Wakanda News Details

Widow Support TT – a reservoir of strength - Trinidad and Tobago Newsday

GRIEF is a tricky and difficult process. For widows, it is no different. The feeling of losing the love of your life can make you feel hopeless and helpless.

Understanding this and the emotions involved from their personal experiences, Soraya Nanan and Ann Marie Hassanali extend their support to others at the helm of local NGO Widow Support TT.

Nanan founded the NGO around 2014, but the idea first came to her in 2009 after she lost her husband, Lincoln Nanan. They were both attorneys,

and she said they were a dynamic duo in the legal profession.

But in 2007, he was diagnosed with leukaemia and went to the US for treatment.

Despite remaining in TT, she kept her husband, her best friend, updated on her personal life and career.

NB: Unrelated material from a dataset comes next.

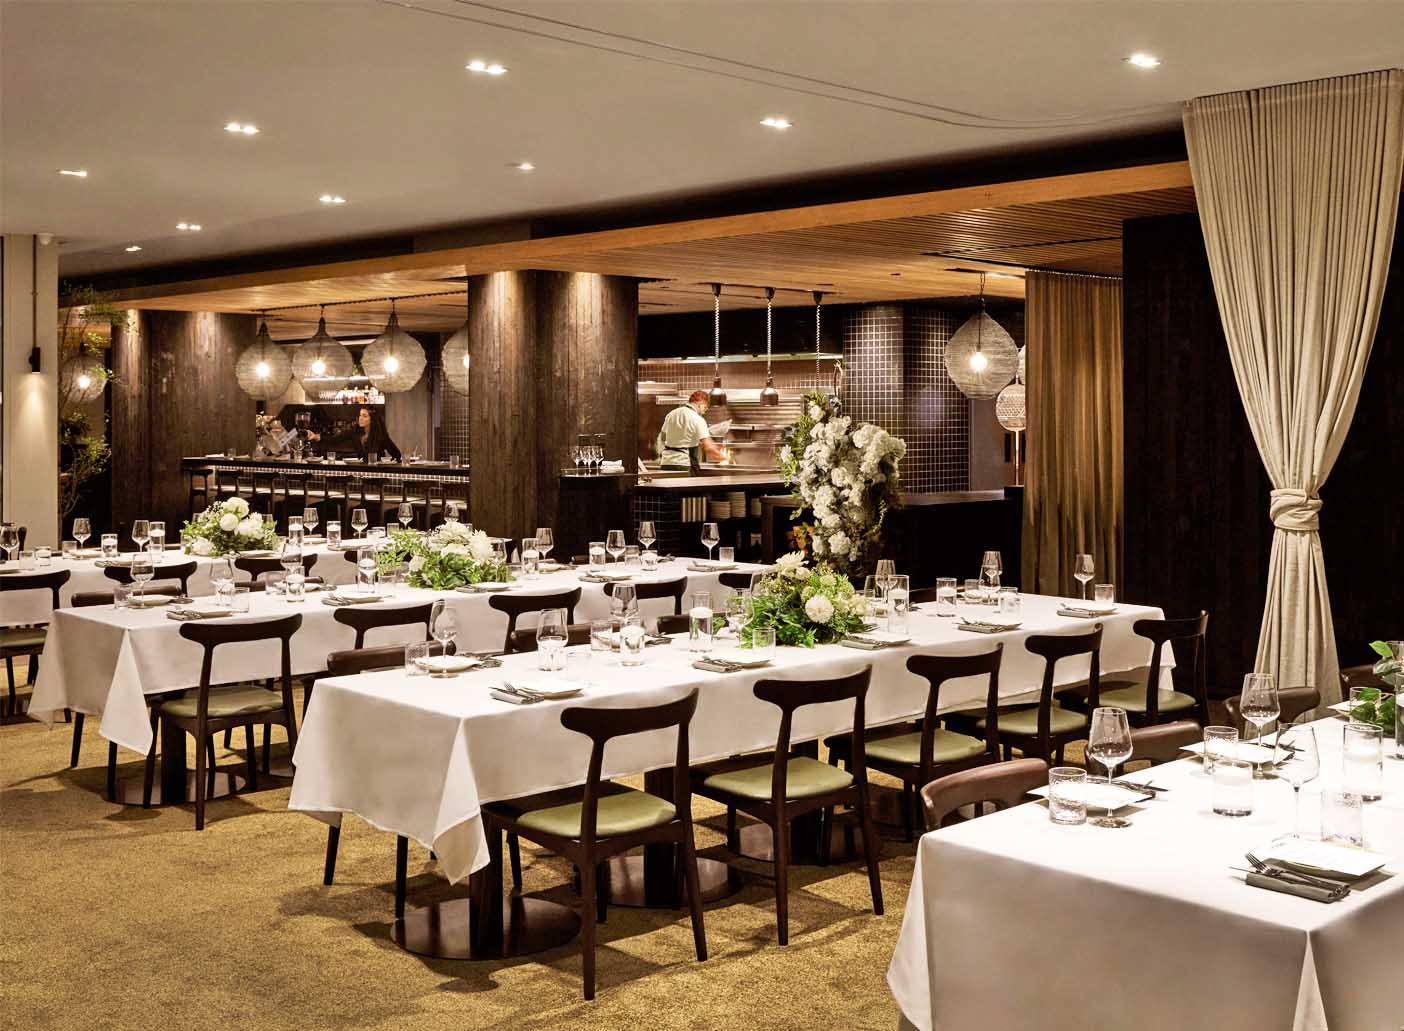 Victoria by Farmer’s Daughter <br> Gorgeous Restaurants

“Every time I finished a matter, I would call him while walking back to my (San Fernando) office and we would just touch base. That was my routine,” she told WMN.

Eventually, the cancer went into remission (the symptoms decreased/disappeared) and he returned to TT. But the cancer later resurfaced and he was admitted to the Eric Williams Medical Sciences Complex in Mt Hope.

“On January 14, 2009, I visited him in hospital. The nurses told me he wasn’t taking his medication. So I said, ‘Lincoln,’ and as he heard my voice, he started to (react). I gave him the tablets and he took his water, but then I just kept hearing gurgling.

“I just got frightened because I did not know what was going on, so, I ran outside, called the nurse, the nurse called the doctors…”

Her mind immediately flashed to their then-one-year-old daughter.

“I grabbed on to one of the doctors and said, ‘Do not let me go home and tell my daughter that her father isn’t coming home.’”

After sighing deeply, she continued, “I saw the doctors walking back out after a while and I saw one of them walking to me. From the time I saw the look on their face, I knew that was it, and I started bawling.

“I can't remember how long I stayed there. I just didn't want to let go of him. We didn’t get our happily ever after.”

She was 34 at the time, and he was 35. They had been together for ten years and married for two.

She recalled the horrors of trying to manage her emotions. She felt no one else around her understood, as they had never endured anything similar.

“I had to figure out how to take care of this little baby as well as navigate through my grief.|

“I was dealing with grief to the point where I remember just lying in bed, didn't want to bathe, didn't want to brush my teeth. It was like a deep depression I was in.”

Having become the sole breadwinner, she said she forced herself to go back out to work.

“Clients were calling, they were wondering what's happening with their matters.”

She said the denial stage of grief presented itself in the form of her pretending to still call her husband after every case to update him.